Of the lines listed below, return exactly those that run from the line containing "Mann fotografiert im" through the line containing "azucena de Guernesey", both included.

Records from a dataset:
--- START ---

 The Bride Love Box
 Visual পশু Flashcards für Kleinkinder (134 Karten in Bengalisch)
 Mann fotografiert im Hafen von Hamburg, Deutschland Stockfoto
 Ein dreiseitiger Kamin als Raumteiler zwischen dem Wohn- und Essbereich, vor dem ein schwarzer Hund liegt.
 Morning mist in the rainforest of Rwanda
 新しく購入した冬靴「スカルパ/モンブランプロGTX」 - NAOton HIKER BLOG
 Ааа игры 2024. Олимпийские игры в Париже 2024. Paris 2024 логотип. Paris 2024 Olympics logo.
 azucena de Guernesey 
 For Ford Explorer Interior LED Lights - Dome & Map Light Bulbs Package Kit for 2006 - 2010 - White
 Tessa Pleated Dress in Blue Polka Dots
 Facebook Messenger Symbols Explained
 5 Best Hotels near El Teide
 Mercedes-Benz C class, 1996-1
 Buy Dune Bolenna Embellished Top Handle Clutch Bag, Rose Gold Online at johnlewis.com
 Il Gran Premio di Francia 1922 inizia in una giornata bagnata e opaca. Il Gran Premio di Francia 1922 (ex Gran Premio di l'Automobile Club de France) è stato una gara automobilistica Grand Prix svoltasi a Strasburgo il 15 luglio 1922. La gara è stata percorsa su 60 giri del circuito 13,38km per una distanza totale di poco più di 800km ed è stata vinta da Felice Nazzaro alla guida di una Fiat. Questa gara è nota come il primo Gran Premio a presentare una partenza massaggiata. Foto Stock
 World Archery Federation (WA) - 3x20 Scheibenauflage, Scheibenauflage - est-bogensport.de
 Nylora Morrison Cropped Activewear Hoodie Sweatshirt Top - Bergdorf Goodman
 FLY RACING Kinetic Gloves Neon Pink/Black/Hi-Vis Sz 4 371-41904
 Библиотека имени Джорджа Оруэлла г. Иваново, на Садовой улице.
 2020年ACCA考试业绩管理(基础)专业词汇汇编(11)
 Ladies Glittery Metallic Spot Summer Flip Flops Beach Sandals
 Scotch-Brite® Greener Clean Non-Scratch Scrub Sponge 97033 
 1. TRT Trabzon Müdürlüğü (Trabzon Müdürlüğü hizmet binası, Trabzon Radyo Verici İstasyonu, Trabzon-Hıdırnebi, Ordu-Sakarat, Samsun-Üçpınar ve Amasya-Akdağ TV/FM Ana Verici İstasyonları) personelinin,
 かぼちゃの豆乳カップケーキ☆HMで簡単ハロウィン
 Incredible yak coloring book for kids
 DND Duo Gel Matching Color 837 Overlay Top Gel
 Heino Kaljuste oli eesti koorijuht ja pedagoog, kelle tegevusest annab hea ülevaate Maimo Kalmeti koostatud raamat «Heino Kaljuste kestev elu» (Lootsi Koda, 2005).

--- END ---

- _Result_
 Mann fotografiert im Hafen von Hamburg, Deutschland Stockfoto
 Ein dreiseitiger Kamin als Raumteiler zwischen dem Wohn- und Essbereich, vor dem ein schwarzer Hund liegt.
 Morning mist in the rainforest of Rwanda
 新しく購入した冬靴「スカルパ/モンブランプロGTX」 - NAOton HIKER BLOG
 Ааа игры 2024. Олимпийские игры в Париже 2024. Paris 2024 логотип. Paris 2024 Olympics logo.
 azucena de Guernesey 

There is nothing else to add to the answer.